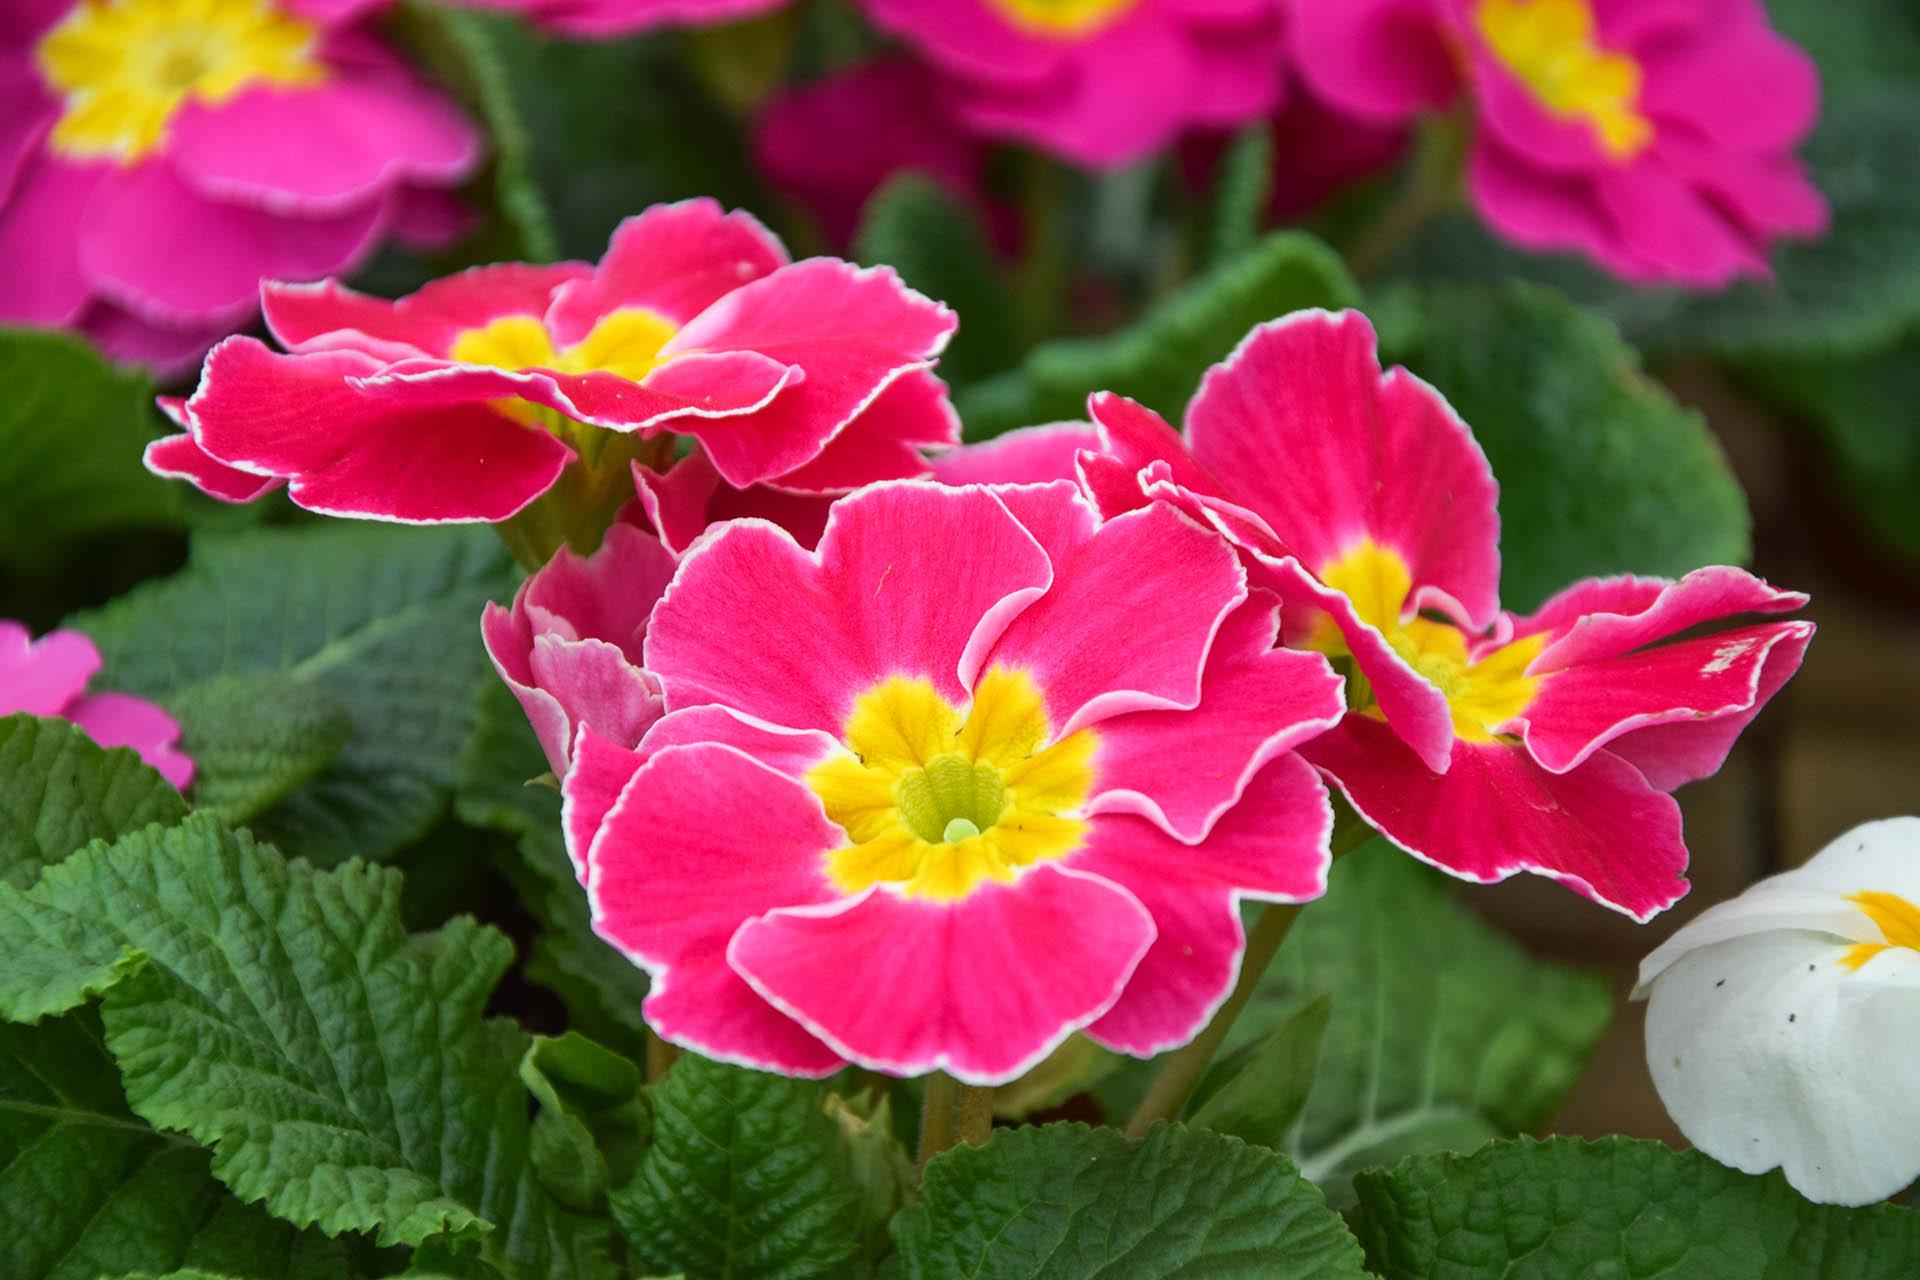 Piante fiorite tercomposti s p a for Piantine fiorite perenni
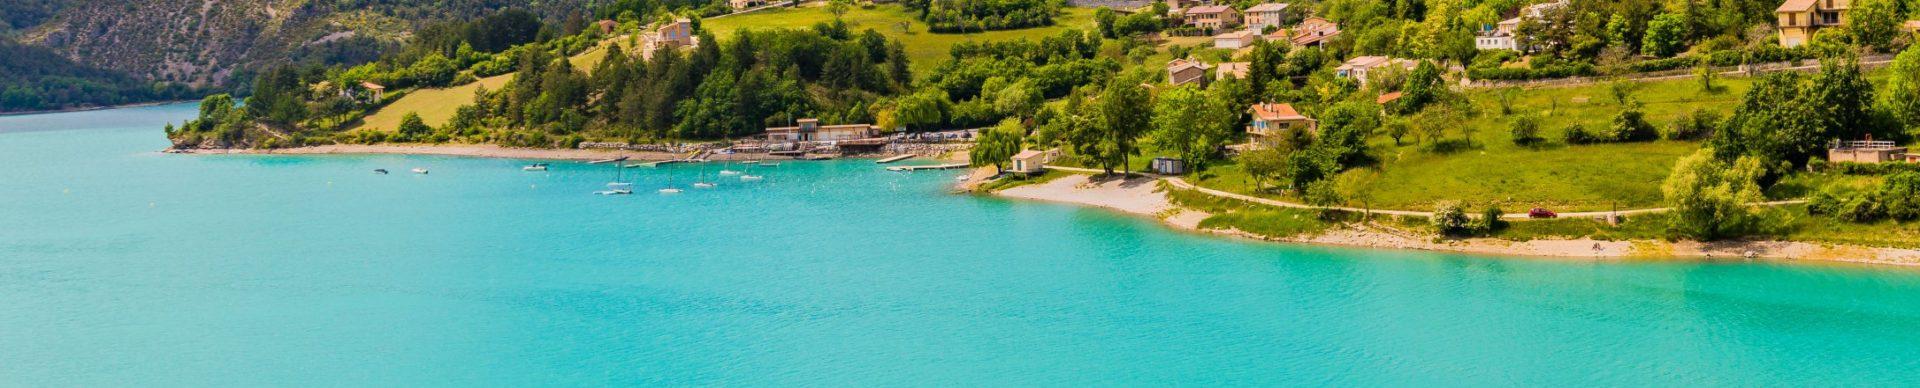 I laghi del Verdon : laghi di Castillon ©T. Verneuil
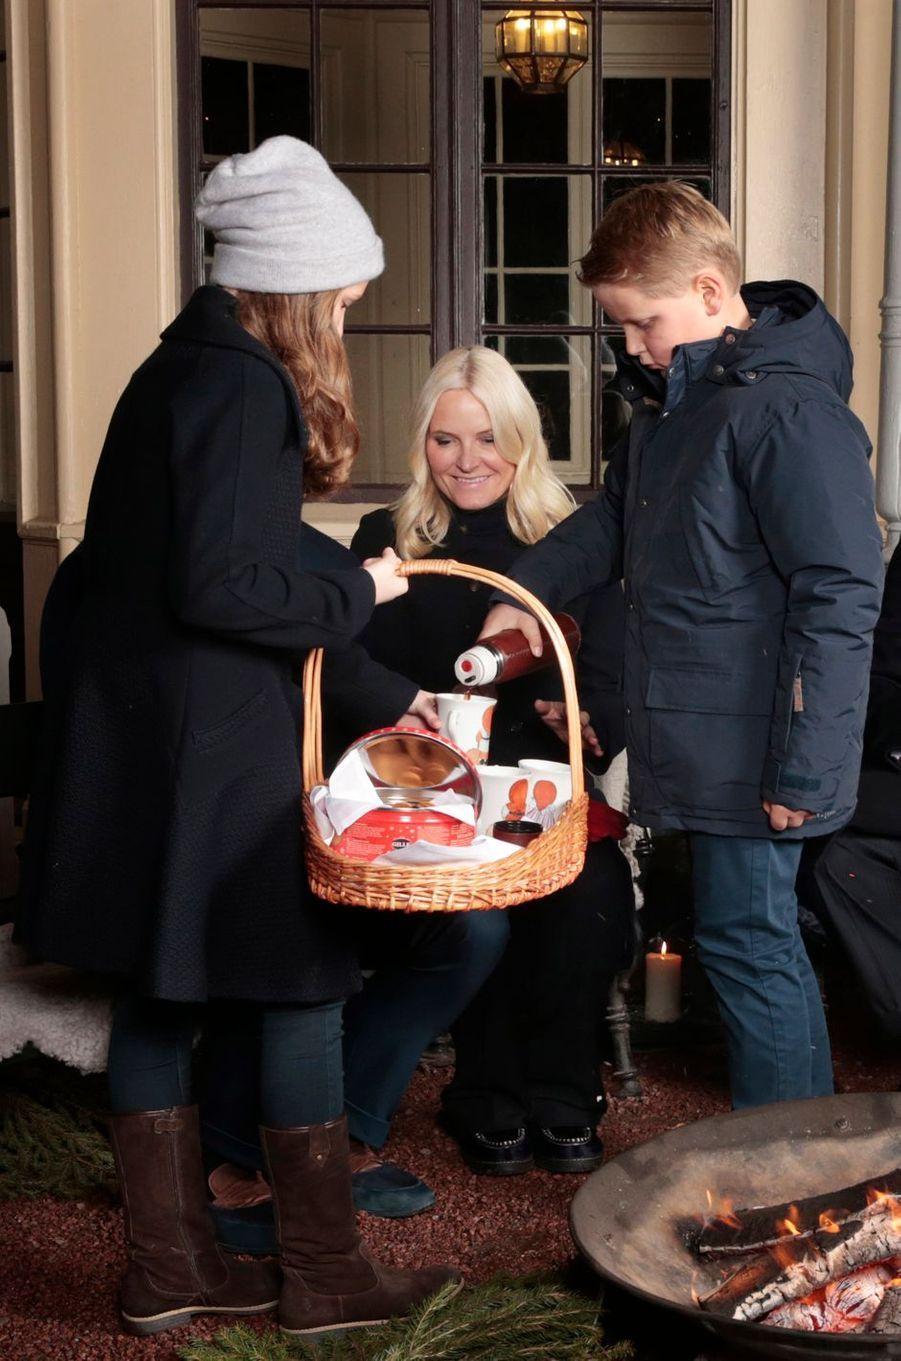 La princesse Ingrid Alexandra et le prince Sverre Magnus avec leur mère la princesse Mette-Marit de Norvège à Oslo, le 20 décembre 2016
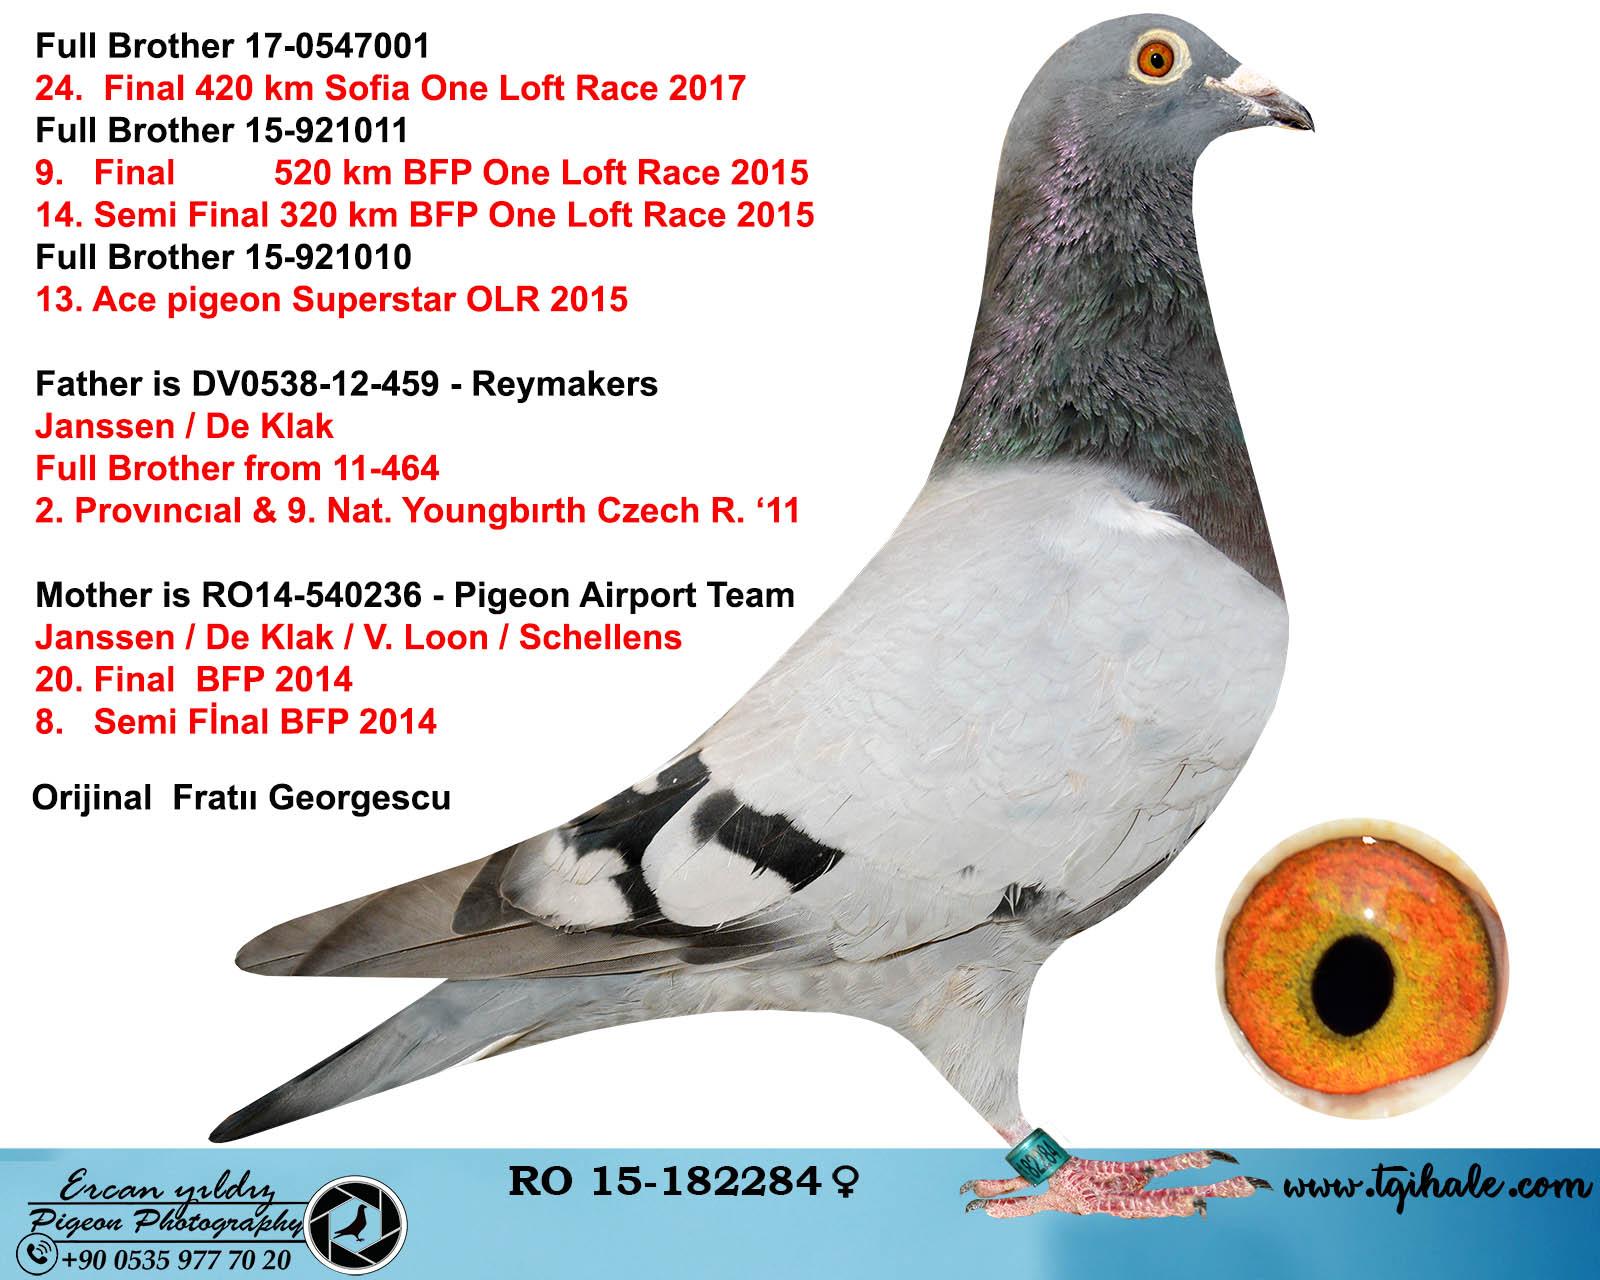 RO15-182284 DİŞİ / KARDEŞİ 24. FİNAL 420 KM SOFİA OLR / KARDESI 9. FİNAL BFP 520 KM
========================================================================
-- Work instruction --
Transcribe the material above in full. No picture is to be copied.

-- The answer --
 Piante fiorite tercomposti s p a for Piantine fiorite perenni
 I laghi del Verdon : laghi di Castillon ©T. Verneuil
 La princesse Ingrid Alexandra et le prince Sverre Magnus avec leur mère la princesse Mette-Marit de Norvège à Oslo, le 20 décembre 2016
 RO15-182284 DİŞİ / KARDEŞİ 24. FİNAL 420 KM SOFİA OLR / KARDESI 9. FİNAL BFP 520 KM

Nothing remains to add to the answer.